Step 1 — Choose evaluation type. Comparative question ("is B better than A?") → SxS. 7-point centered scale.
Step 2 — Define the role.
You are a senior developer relations engineer who has worked with this API
for three years. You can verify claims against the public documentation
at docs.example.com. You evaluate answers strictly on whether claims are
verifiable, not on tone or politeness. You do not weight response length
or formatting — only correctness.
Step 3 — Define the dimension. One dimension only: Factual Accuracy. Don't pad with "Helpfulness" or "Tone" unless those are actually decision-driving.
Question: "Which response is more factually accurate about the API?"
Scale: -3 to +3
-3 = A much more accurate: B contains 2+ false claims; A is fully correct.
-2 = A more accurate: B contains 1 false claim affecting the answer; A is correct.
-1 = A slightly more accurate: A and B both mostly correct; B has a minor imprecision.
0 = Same: Both equivalently accurate, or both equivalently wrong.
+1 = B slightly more accurate: Both mostly correct; A has a minor imprecision.
+2 = B more accurate: A contains 1 false claim affecting the answer; B is correct.
+3 = B much more accurate: A contains 2+ false claims; B is fully correct.
Consider:
- Specific endpoint names, parameter names, return types
- Version-specific behaviour (deprecated features cited as current)
- Unsupported claims about rate limits, auth, or pricing
Step 4 — Build the calibration set. Pull 30 real user questions from your support logs that hit the API surface. Generate A and B answers for each. Position-randomise (so judge doesn't always see baseline on the left).
Step 5 — Human-label. Have 3 DevRel engineers independently rate each pair. Compute inter-human Krippendorff's α: you get 0.72. Above 0.6 — good, the dimension is well-defined enough that humans agree.
Step 6 — Run the autorater.

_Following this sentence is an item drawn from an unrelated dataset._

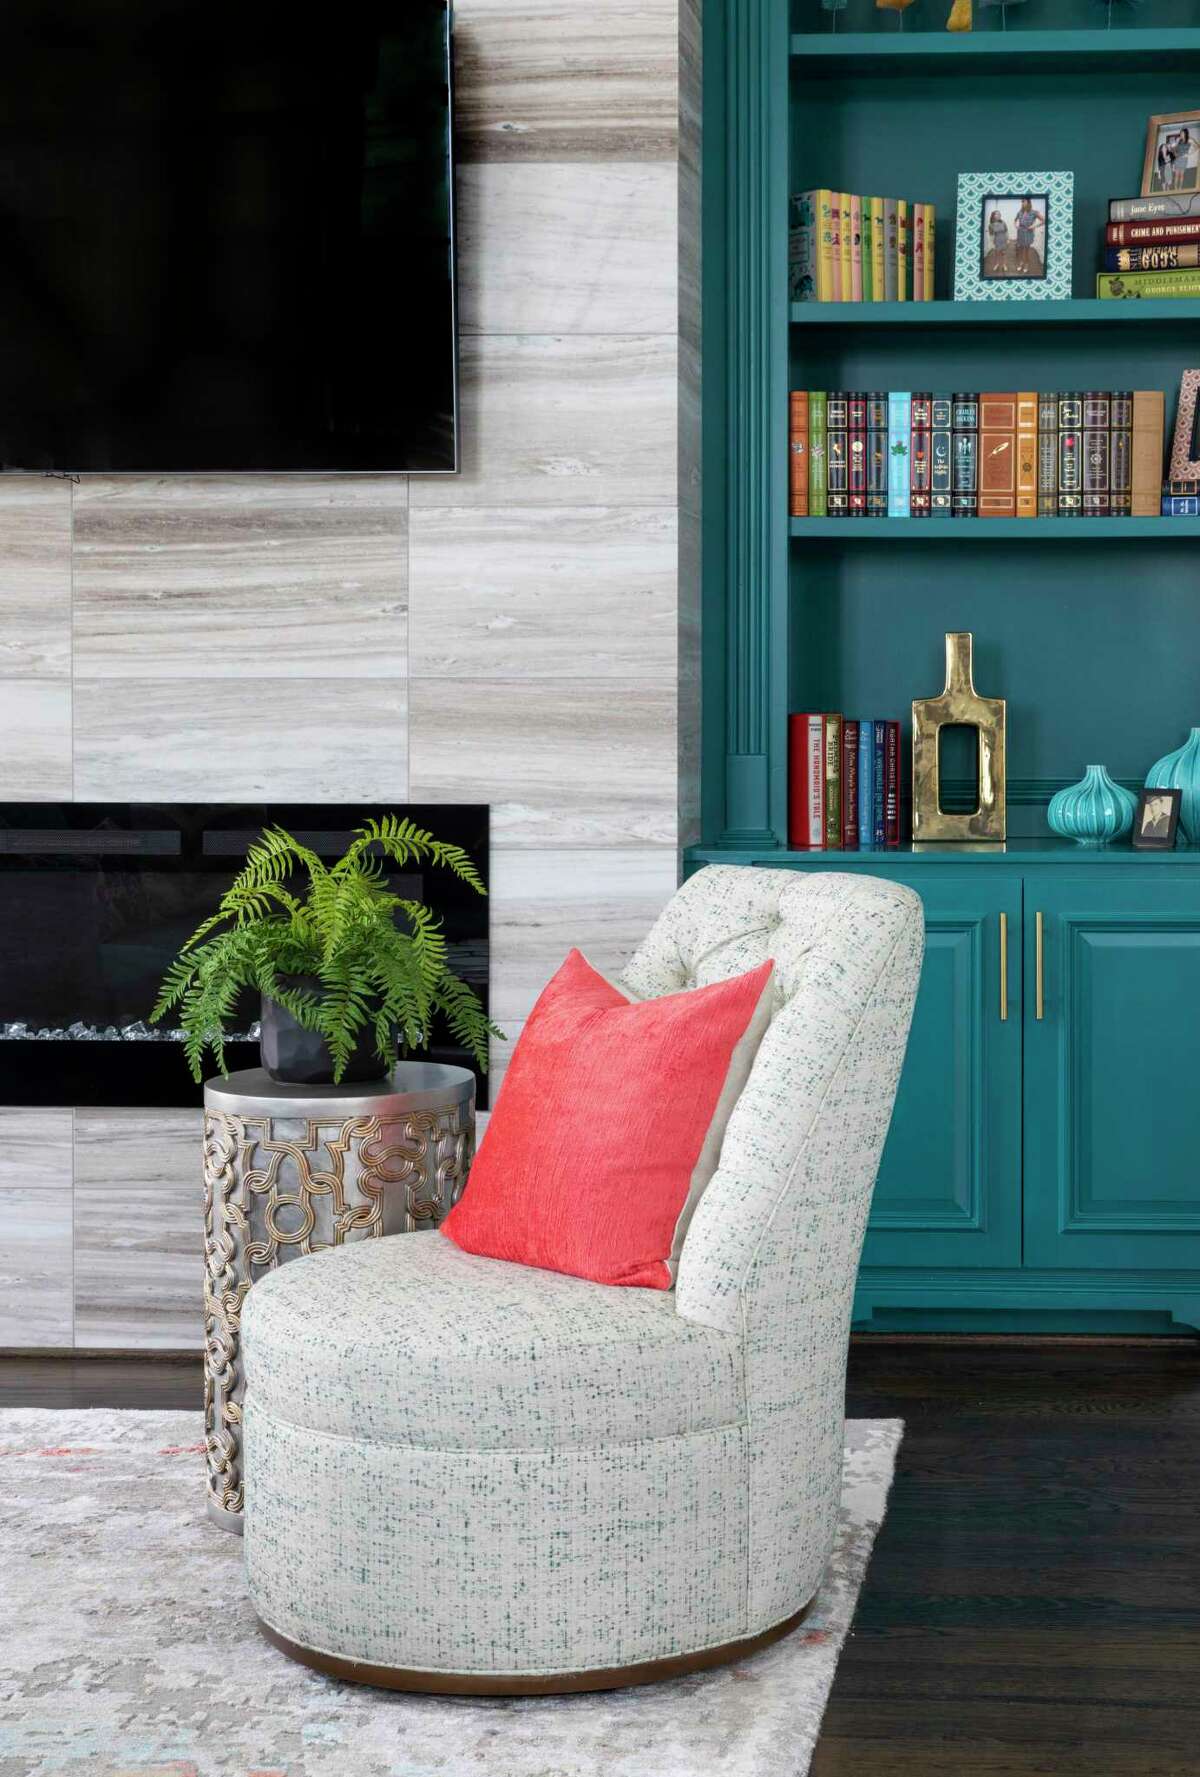 Curved or rounded furniture and bold colors will be a popular trend in homes in 2022, says Houston interior designer Pamela O'Brien of Pamela Hope Designs. In this home, a rounded swivel chair sits in front of a bookcase painted bright teal.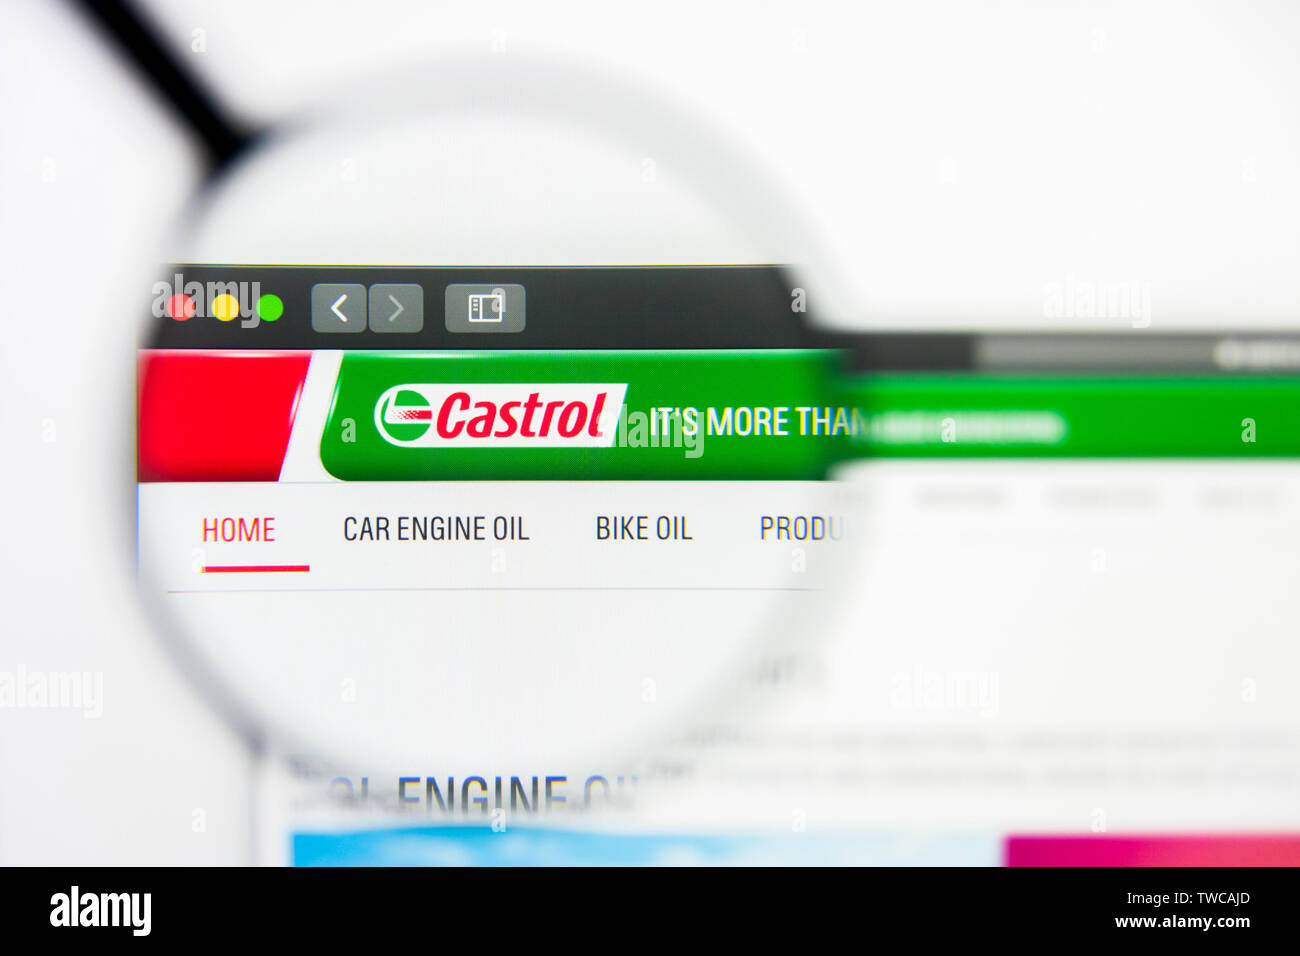 New York, New York State, USA - 19 June 2019: Illustrative Editorial of Castrol India website homepage. Castrol India logo visible on screen. Stock Photo

Same 30 pairs, same rubric, same scale. Capture evidence strings.
Step 7 — Compute agreement. Cohen's quadratic κ between the autorater and the median human rating: 0.51. Moderate, not good enough.
Step 8 — Inspect disagreements. Read the top 10. Pattern: the judge is overweighting confident tone as a proxy for accuracy. When B's answer sounds more authoritative, it gets +1 to +2 even when A is actually more correct. The role didn't explicitly say "ignore tone".
Step 9 — Revise. Tighten the role:
[...] You do not weight response length, formatting, OR confidence of tone.
A confidently-stated falsehood is worse than a hedged truth. Specifically
ignore phrases like "definitely", "always", "never" — verify the claim
underneath the rhetoric.
Re-run on the same 30 pairs. New κ: 0.74. Substantial. Ship.
Step 10 — Freeze and version. Commit rubric-factual-accuracy-v1.2.md to your eval repo. Tag: κ=0.74, n=30, judge=claude-sonnet-4.7, human raters=3, date=2026-05. Now every score this rubric produces in production is traceable to that calibration.
Step 11 — Run on production. Score 500 real user questions with A and B. You see B wins 62% of decisive comparisons with 95% CI [56%, 68%] — confidence interval doesn't cross 50%, so B is a real win, not noise. Ship the new RAG pipeline.
Notice what made this work: one well-specified dimension beats five vague ones; the role does the heavy lifting; disagreements diagnose the rubric, not the judge; the kappa number makes the result defensible to anyone who asks.